Add support for targeted sequencing

Mykrobe-tools / mykrobe

Antibiotic resistance prediction in minutes

MIT License

106 stars 27 forks source link

Add support for targeted sequencing #28

Open iqbal-lab opened 5 years ago

iqbal-lab commented 5 years ago

This has been sitting around as a possibility for some time; we should just do it. I propose

Chuck out species id
Update genome size to be lengths of genes in our targets (allow user specification)
Otherwise should run as normal

mbhall88 commented 2 years ago

Do we actually use the genome size? I can't seem to find any reference to it in the code.

iqbal-lab commented 2 years ago

Only to estimate depth somewhere

iqbal-lab commented 2 years ago

This issue should be closed, Mykrobe already supports amplicon sequencing . There's a force option to skip species id, and it works on amplicons afaik

iqbal-lab commented 2 years ago

I'll update properly on Tue

mbhall88 commented 2 years ago

Okay, awesome.

@martinghunt do you know where in the code genome size impacts the depth esimation? I can't seem to see it anywhere...

mbhall88 commented 1 year ago

Okay, have realised targetted/amplicon sequencing isn't really supported.

I have been running mykrobe on some amplicon data where expected median depth should be in the thousands, but am getting estimated median depth of significantly less than that (single digits or low hundreds).

I'm trying to parse the current method for estimating depth, but it is pretty convoluted...

I'll keep digging away to see if I can find the best place to handle this.
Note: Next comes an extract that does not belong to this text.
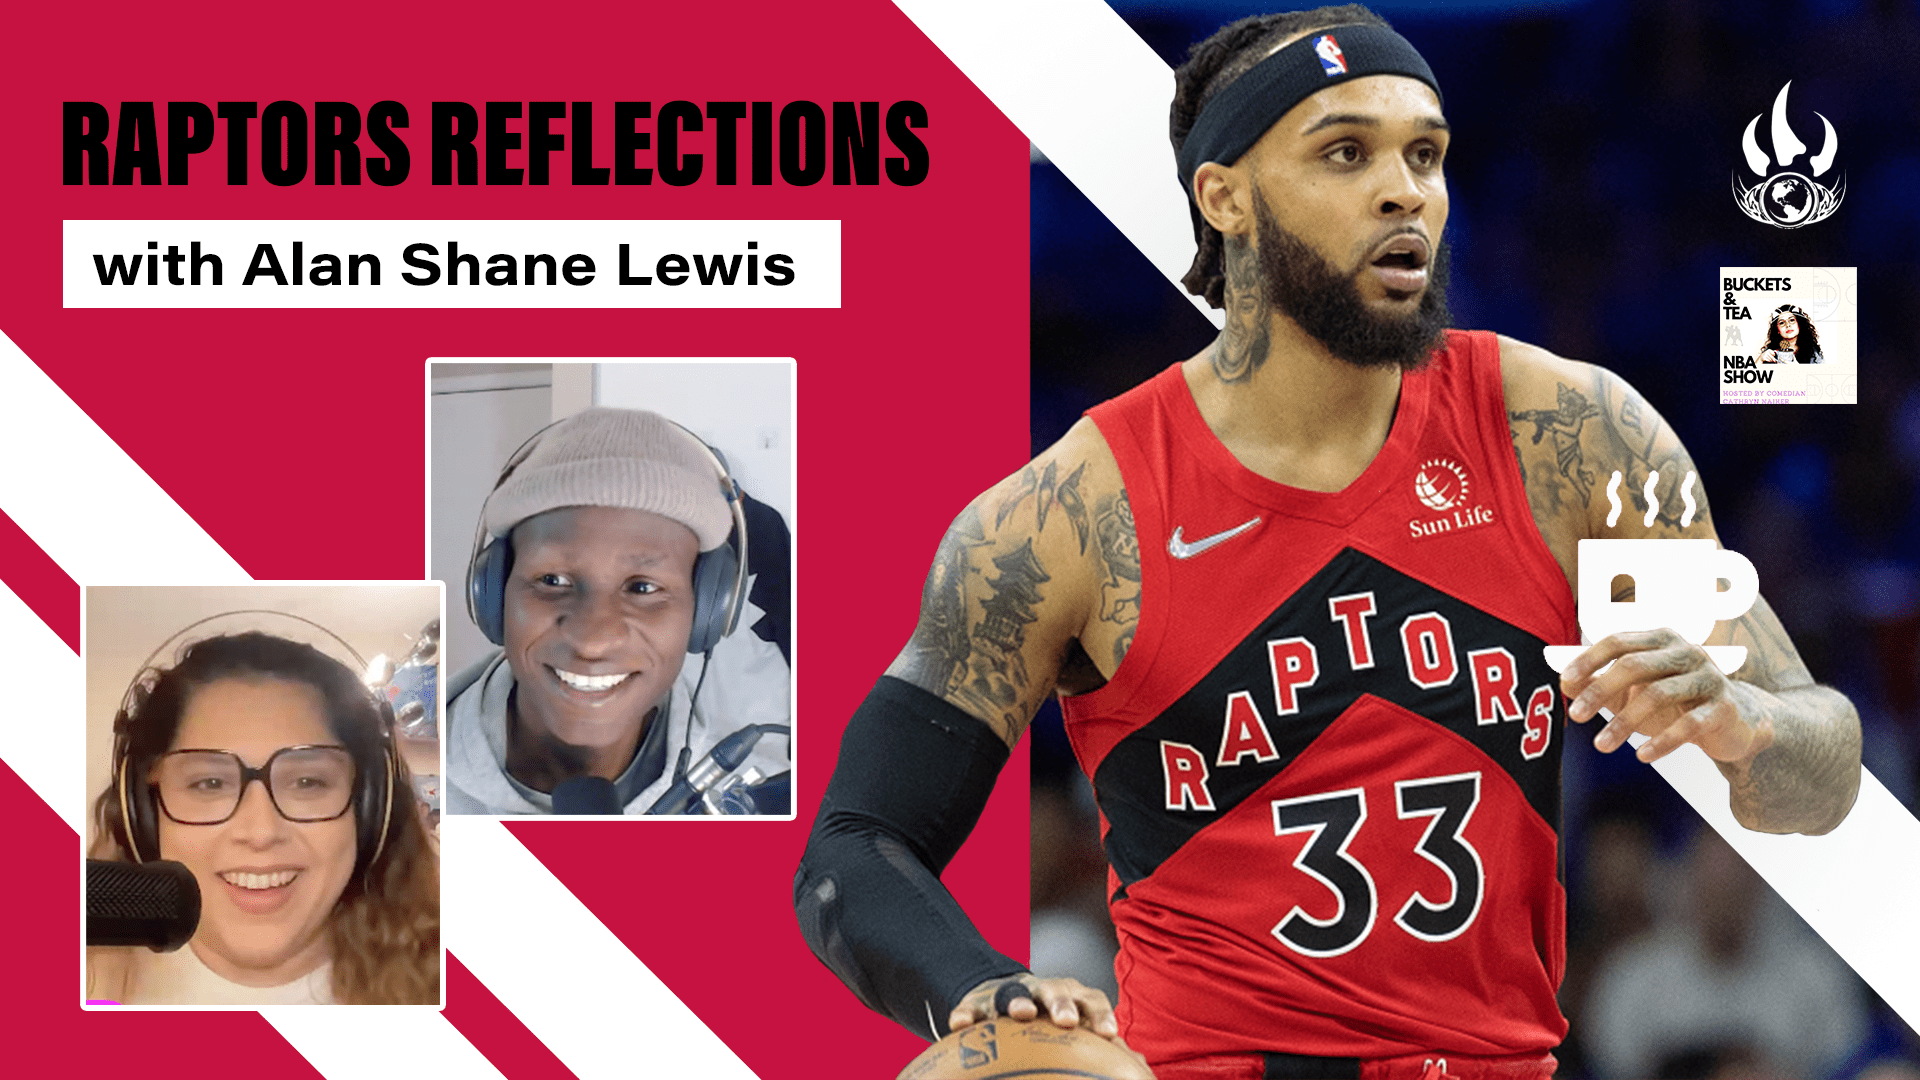 Raptors Reflections with Alan Shane Lewis – Buckets & Tea NBA Show

My thoughts are to have an option like --amplicon which optionally takes a fasta reference. If no fasta reference is passed, we use the size of the genes in mykrobe's panel, otherwise we use the sum of sequence lengths in the provided fasta.

Thoughts?

iqbal-lab commented 1 year ago

Sorry @mbhall88 was busy today, will think and reply tomorrow

mbhall88 commented 1 year ago

I've been playing with this locally. It's tricky. It's also extra tricky because the amplicon data I'm working with isn't amplifying entire genes. So lots of the variants have depth of like 0 or 1 and the rest have like 100,000. This ends up skewing the median depth calculation....

Any other thoughts on how to better estimate the depth? I mean, a plot of kmer_counts and cutting out the counts of the first peak and then taking the median of the rest sounds reasonable, but not sure how to do this.